What to do: Each line of the data must be given back verbatim, with pictures removed.

Given data:

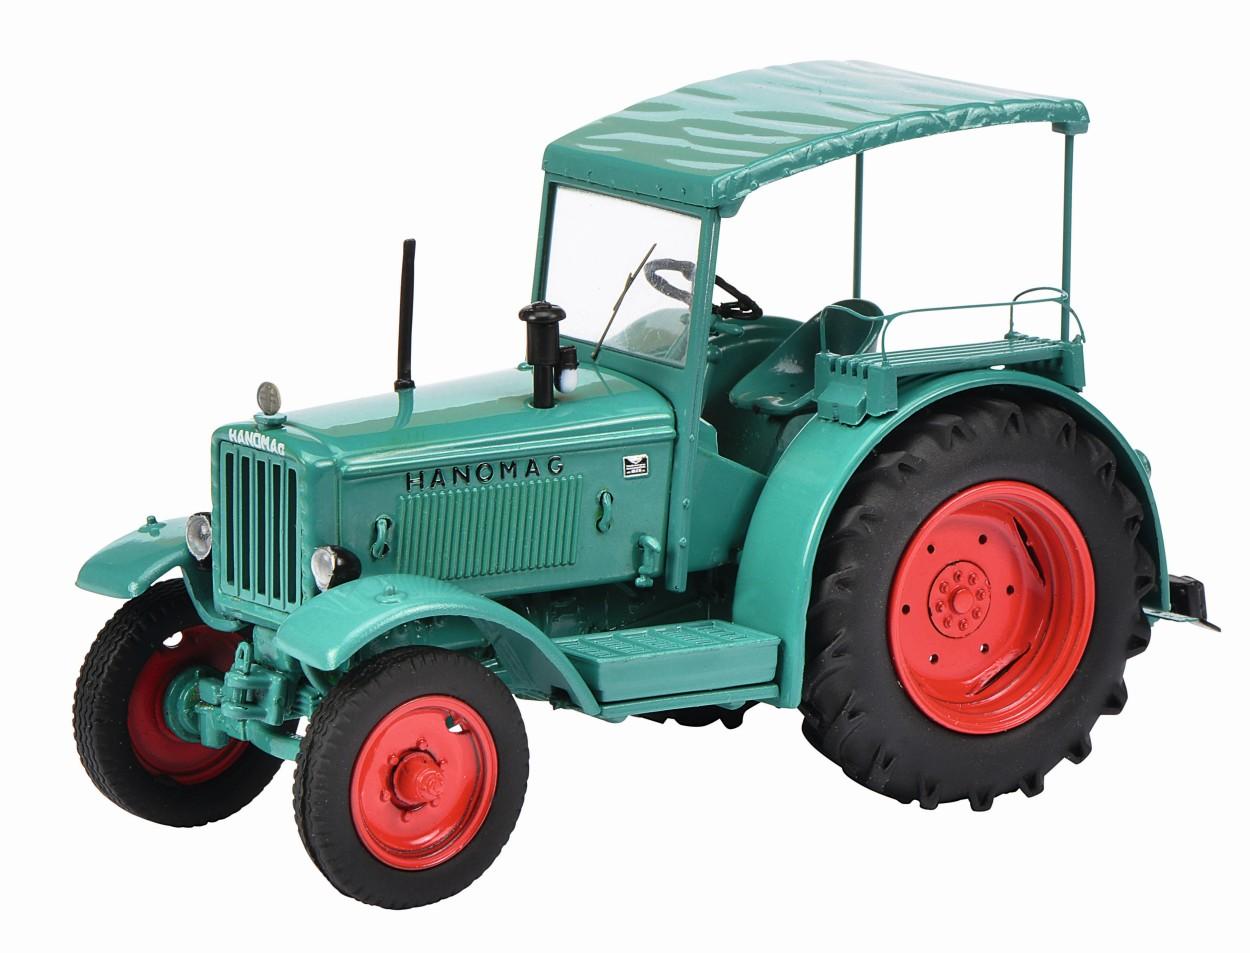 SCHUCO-Modell Hanomag R40 mit Verdeck, grün
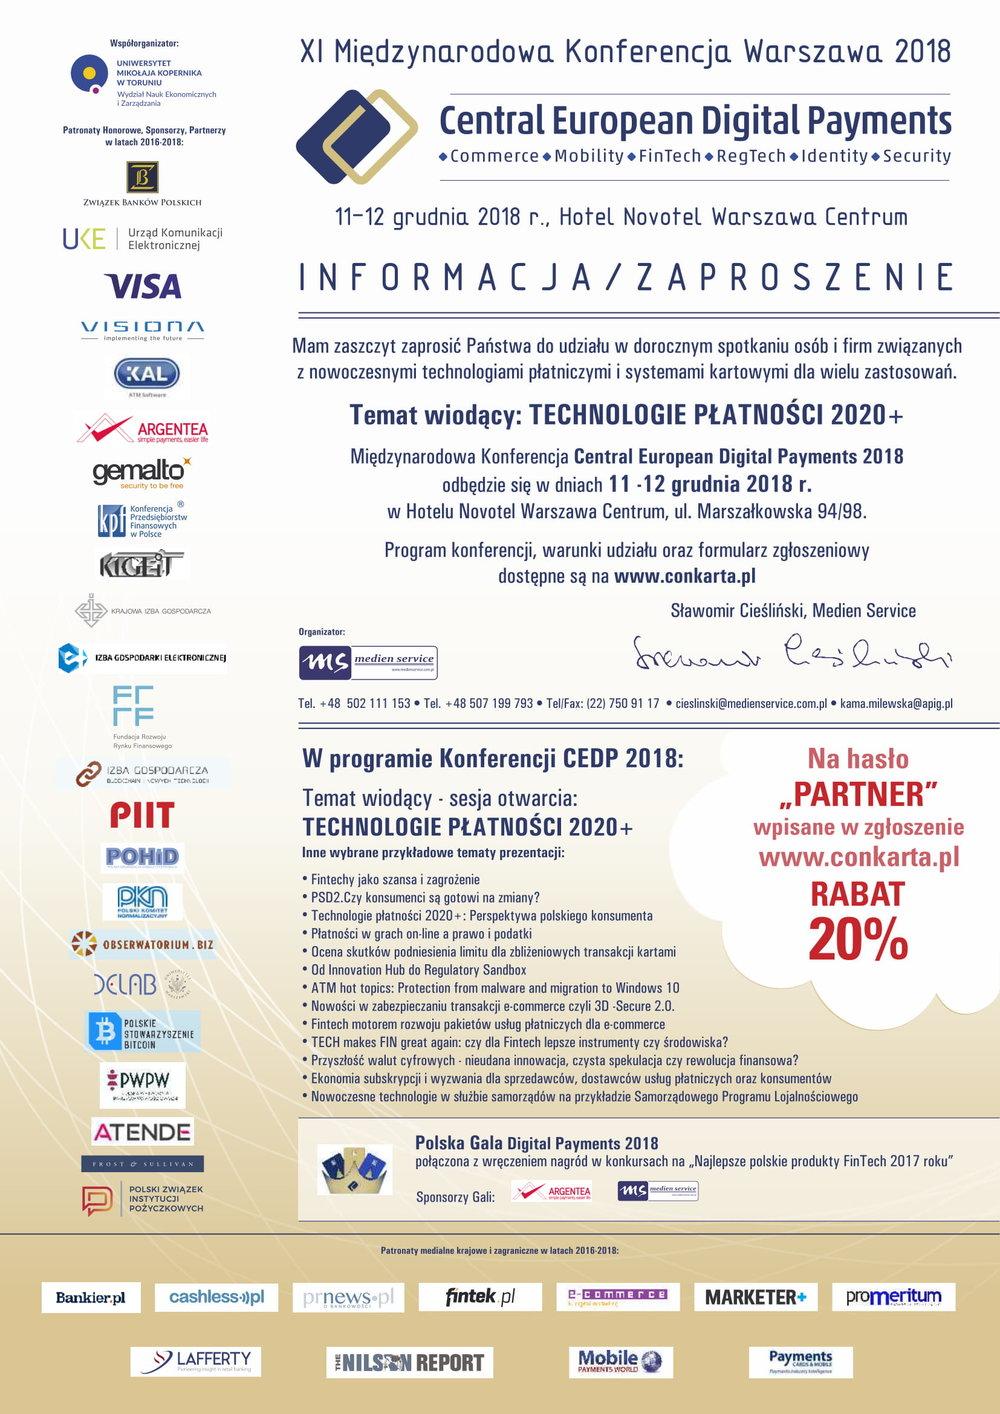 CEDP-2018_info_zaproszenie_RABAT (1)-1.jpg
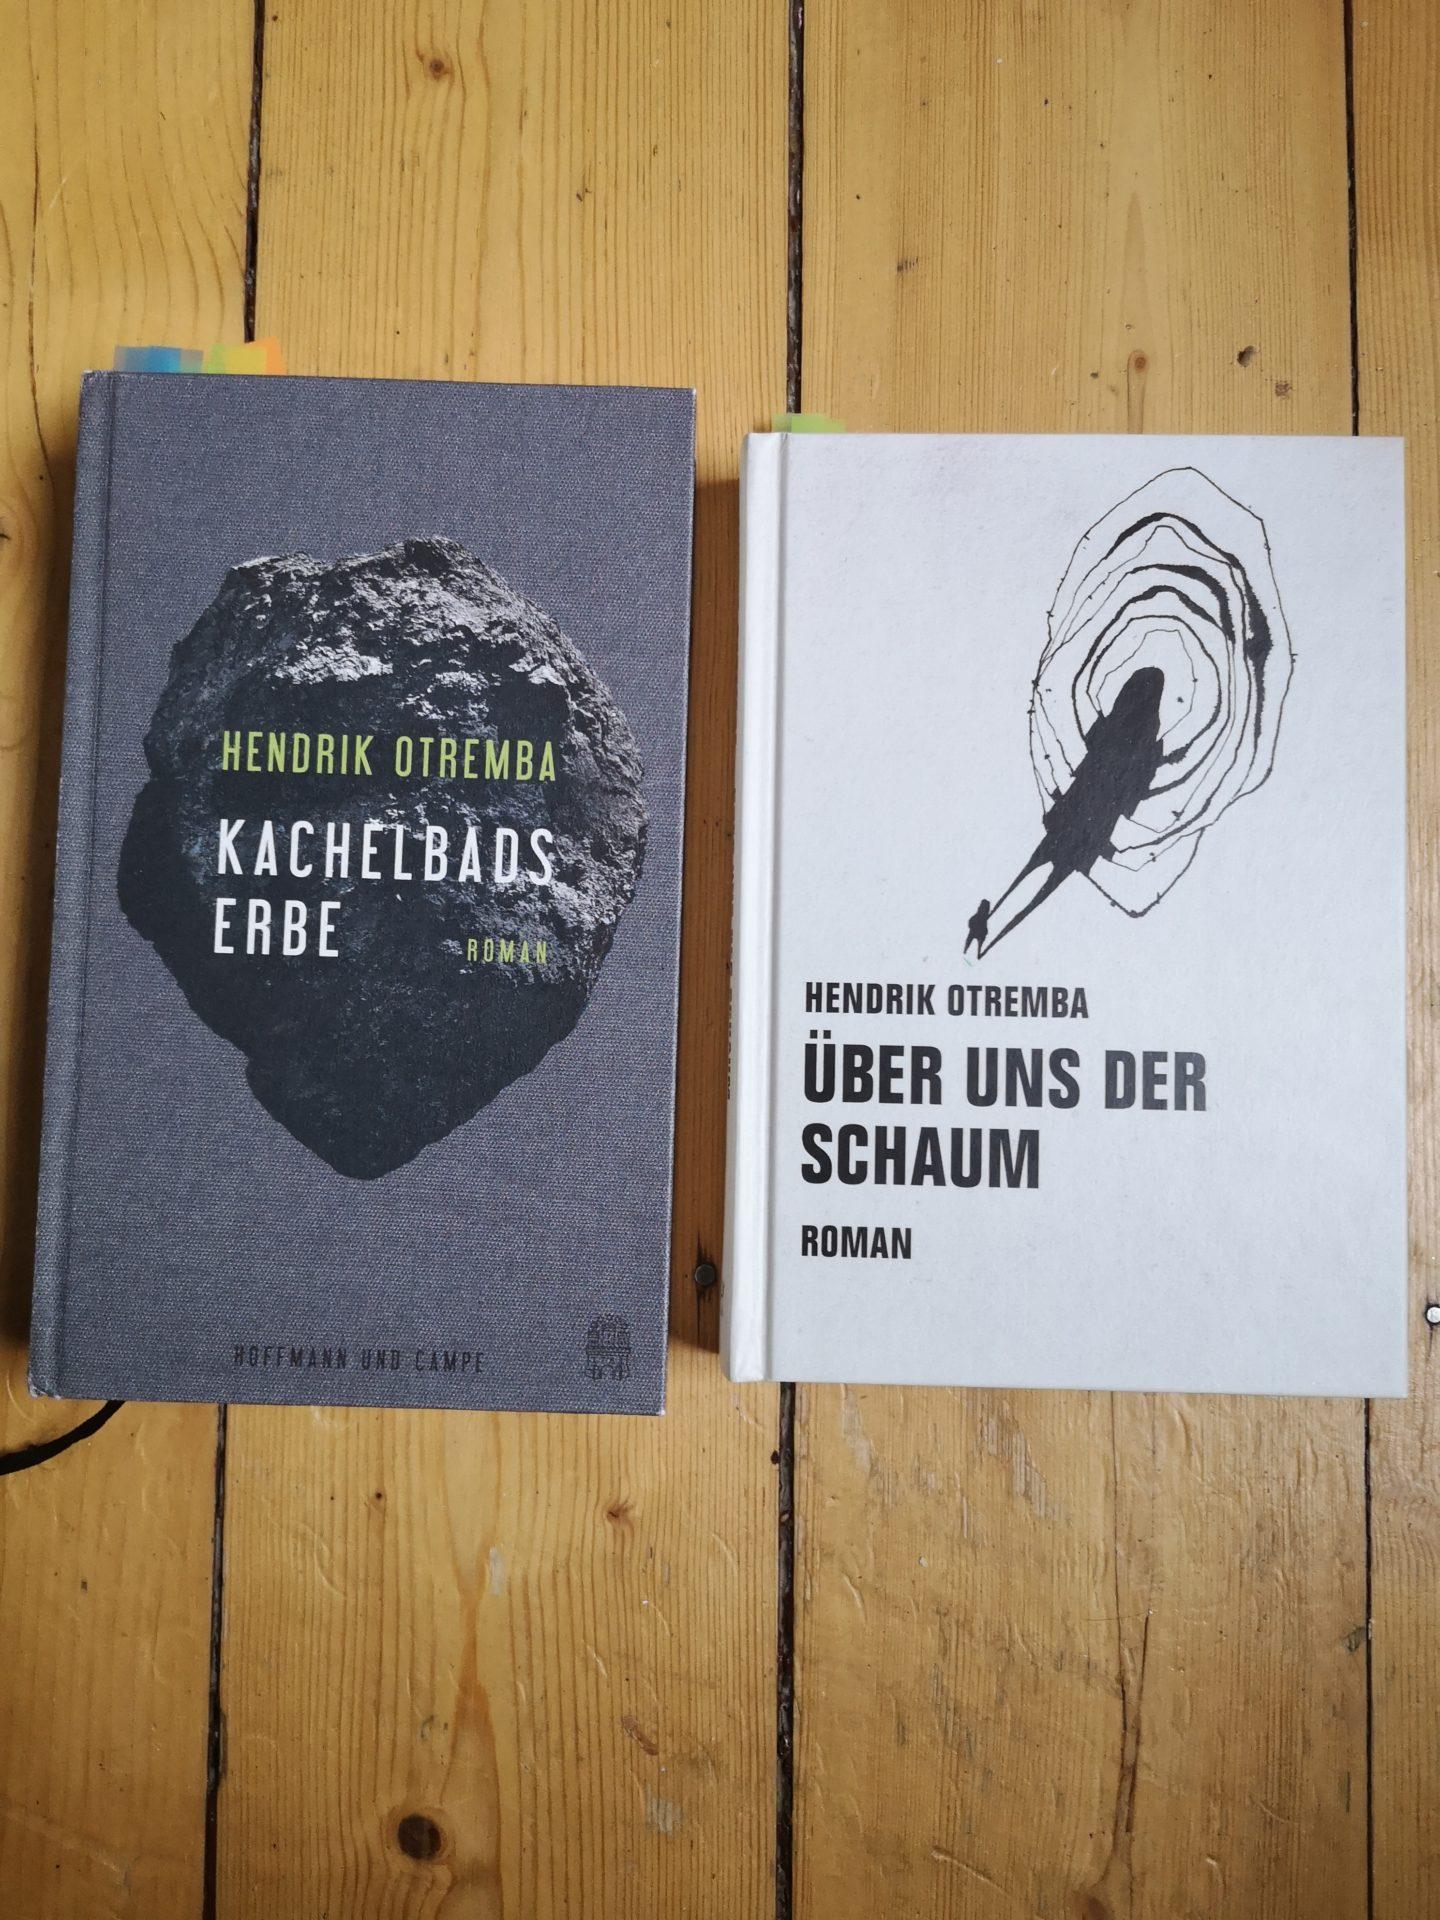 Musik trifft Literatur #2 - Interview mit Hendrik Otremba 2

Result of this exercise:
 SCHUCO-Modell Hanomag R40 mit Verdeck, grün
 CEDP-2018_info_zaproszenie_RABAT (1)-1.jpg
 Musik trifft Literatur #2 - Interview mit Hendrik Otremba 2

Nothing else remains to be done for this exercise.